Customized Weather Forecasts, Image Recognition Highlight IBM’s Foray Into Agriculture
Many in business were puzzled when IBM announced plans to purchase The Weather Company in 2016. Then last summer IBM revealed its first joint product called Deep Thunder, which provides clients with short-term, hyperlocal, customized weather forecasts. (Department stores, for example, could try to gauge how such forecasts could impact consumers’ behavior.)
Gee, could ag retailers use this kind of information, especially to help track nutrient movement?
Former Trimble veteran Sid Siefken, now Global Agriculture Solutions Lead at IBM, works alongside The Weather Company and has been tasked with leveraging the company’s technologies in ag. The firm does not really have an “out-of-the-box” product per se to offer the industry. Instead, it partners with clients to create individual solutions.
That said, Siefken sees some ways retailers can connect with his new company, the most simple being downloading its weather app on their mobile device.

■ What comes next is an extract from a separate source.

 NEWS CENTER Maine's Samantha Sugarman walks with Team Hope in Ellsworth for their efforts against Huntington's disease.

In addition, IBM/The Weather Company can provide a custom set of APIs that power a highly accurate forecast on a dealership’s web page. DTN offers a similar service, but Siefken notes his firm also owns The Weather Underground, which has more than 220,000 personal weather stations feeding its forecasting model, ensuring better local accuracy. In fact, he says, The Weather Company was shown to be the most accurate forecaster in a study by ForecastWatch, the nation’s top authority in meteorological accuracy validation.

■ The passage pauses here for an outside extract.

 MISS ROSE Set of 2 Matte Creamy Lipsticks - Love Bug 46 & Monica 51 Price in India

To address data management challenges, IBM has introduced a new GIS data platform called Physical Analytics Integrated Data Repository and Services (PAIRS). “The message here is in the scale and capability of the work that IBM can provide — for instance, if you would like to see all of the information from the Corn Belt integrated, collected, and available for analysis,” Siefken says.
A third tool from IBM is Watson Image Recognition. This resource has been used in medicine to detect melanomas. For agronomists, it could possibly help identify the growth stages of a particular crop or disease or weed pressures to control from in-field imagery.